Nearly all of the major conservative activist organizations have come out against the plan. Heritage Action, which led the Obamacare fight that resulted in the 2013 government shut down and which often functions as a sort of shadow whip operation for House Republicans, called the bill "bad politics" and "bad policy." FreedomWorks (where I once worked) called it "Obamacare-lite," and Freedom Partners Chamber of Commerce said that "As the bill stands today, it is Obamacare 2.0." The Club for Growth dubbed it RyanCare and labeled it a "warmed-over substitute for government-run health care." All of these organizations have been deeply opposed to Obamacare from the beginning—yet none of them support the bill that GOP leadership has dubbed repeal.

It's not just the activist groups who have come out against it. Influential conservative and libertarian health policy wonks and journalists from all over the spectrum have trashed the bill too: Michael Cannon, the health policy director for the libertarian Cato Institute, called the bill "a train wreck waiting to happen" and warned that it could destabilize insurance markets even more than Obamacare while paving the way for single payer. Avik Roy, an influential health policy wonk who has crafted one of the more interesting conservative health care reforms, was brutal in his assessment of the law's likely effects: "Expanding subsidies for high earners, and cutting health coverage off from the working poor: [the GOP bill] sounds like a left-wing caricature of mustache-twirling, top-hatted Republican fat cats." Philip Klein of The Washington Examiner lamented that the bill rests on the same philosophical underpinnings as Obamacare, and will ultimately change little: "The GOP," he wrote, "will either be passing legislation that rests on the same philosophical premise as Obamacare, or will pass nothing at all, and thus keep Obamacare itself in place."
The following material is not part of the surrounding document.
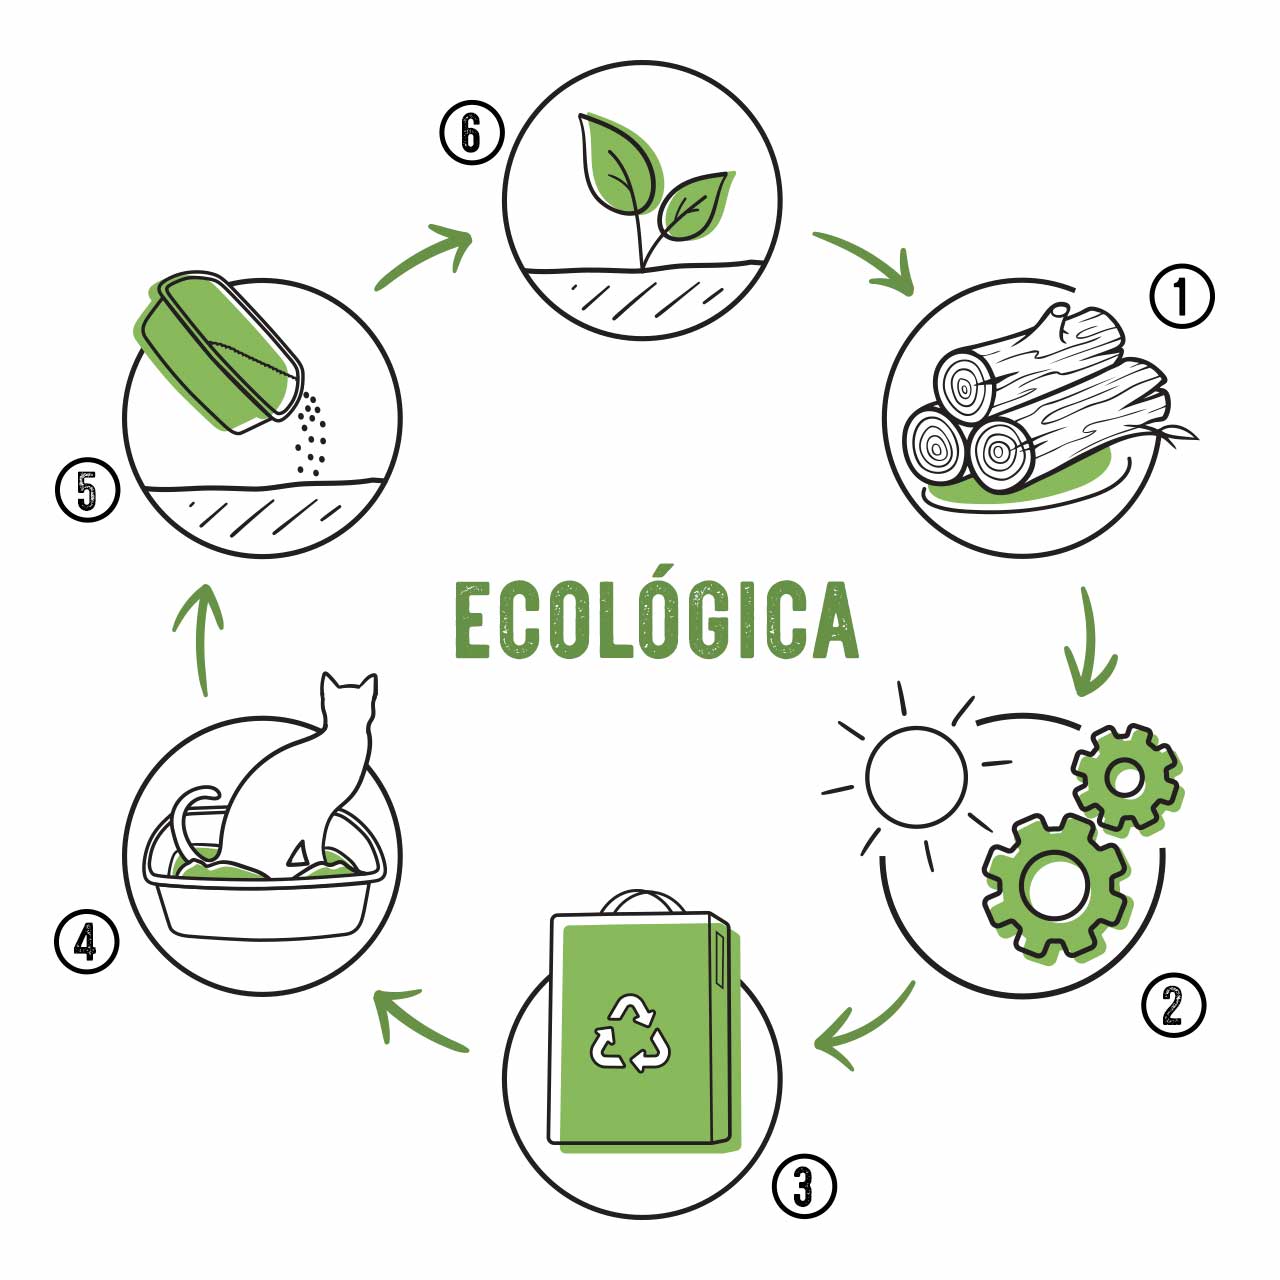 Producto con un ciclo de vida ecológico

Cannon, Roy, and Klein are all staunch critics of Obamacare, but they all have different approaches to repeal and reform. The bill doesn't satisfy any of them.
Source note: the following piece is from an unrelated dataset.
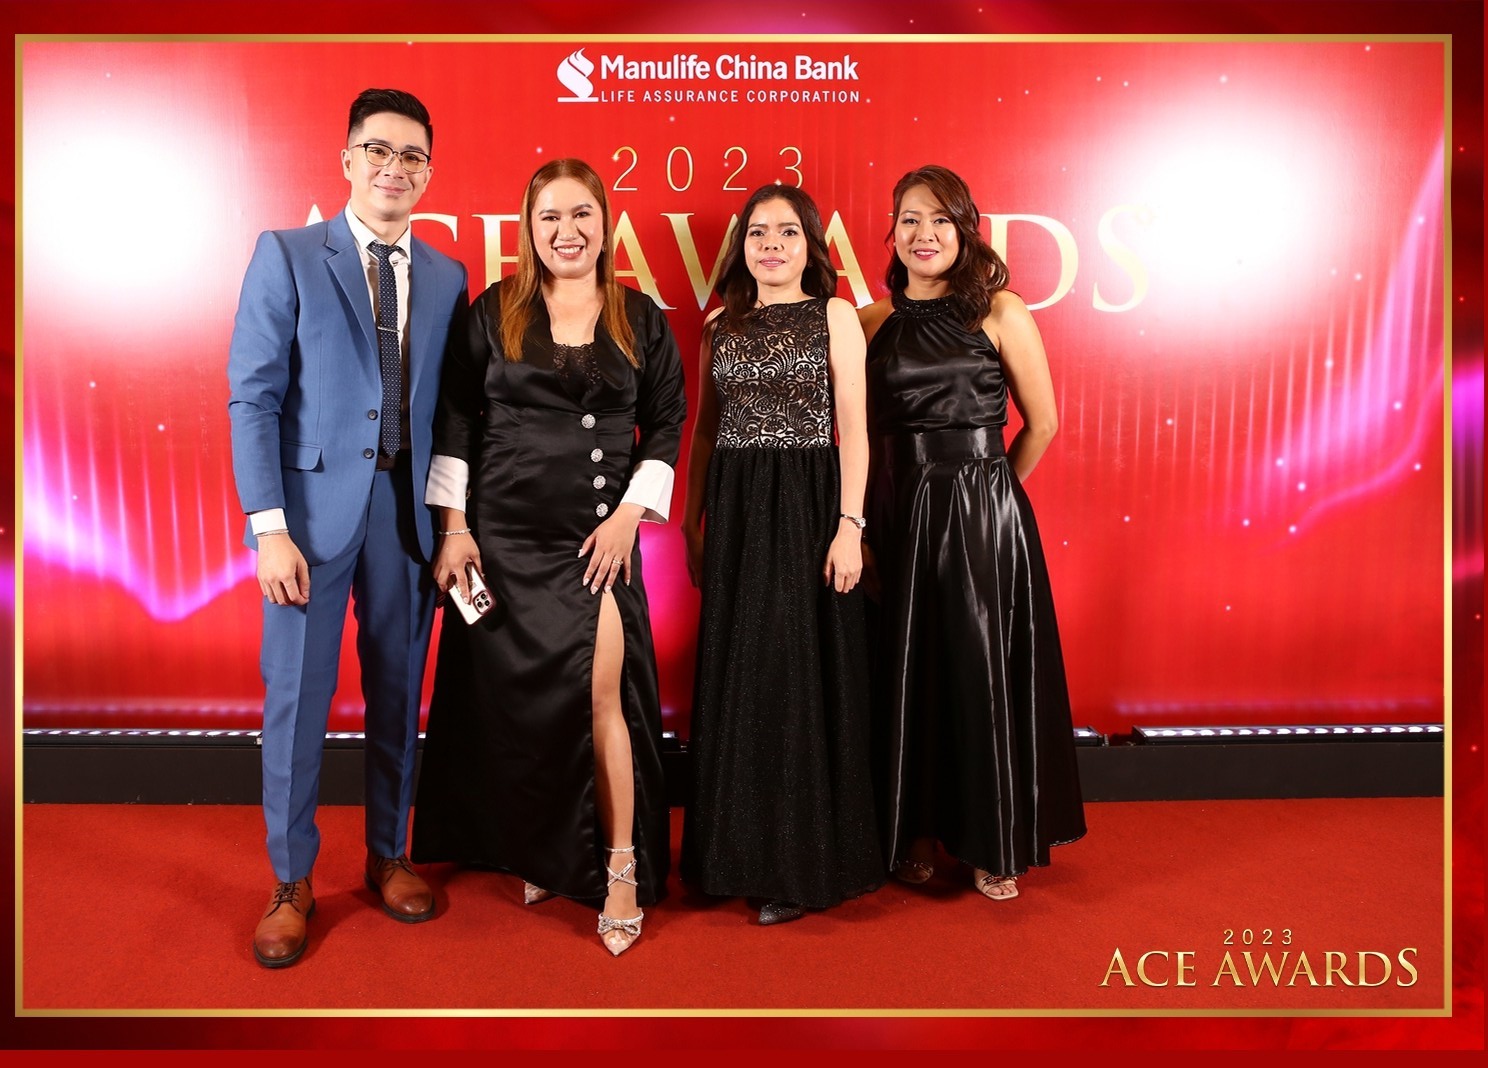 MCBL 2023 Ace Awards Batch 2 – Photoman

And of course GOP legislators like Sens. Rand Paul and Mike Lee have voiced clear opposition as well. When asked about whether he would support the bill, Sen. Ted Cruz was non-committal.

These are not exactly pro-Obamacare voices from within the Republican party, to say the least. And yet they are not coming out in support of the repeal bill.The attempt to craft a compromise that all or most of Obamacare's critics on the right could get behind has, for all practical purposes, failed entirely.

In many ways, Boehner was right: The GOP has never agreed on health care. It still doesn't. But the other problem is that the bill doesn't really accomplish any of the things that Republicans say they want to accomplish on health care, at least not well. It's likely to disrupt coverage for millions of people. The tax credit, which is really a subsidy, is designed in a way that tilts the advantage towards people who are better off. It is likely to spin the individual insurance market into a death spiral even faster than Obamacare. The Medicaid rollback doesn't take effect for years, and, given the politics, might never go into place.

Indeed, given the widespread criticism, it's unclear who, exactly, this bill was written for—except, perhaps, a GOP leadership that wanted to be able to say they had developed something they could label a repeal bill.

Even President Trump, whose endorsement of tax credits for coverage last week was viewed as a necessary stepping stone for rallying Republicans around the bill, offered only qualified support, tweeting this morning that "Our wonderful new Healthcare Bill is now out for review and negotiation." He added, "ObamaCare is a complete and total disaster—is imploding fast!" Based on the reactions so far, the House GOP's repeal bill may be following the same path.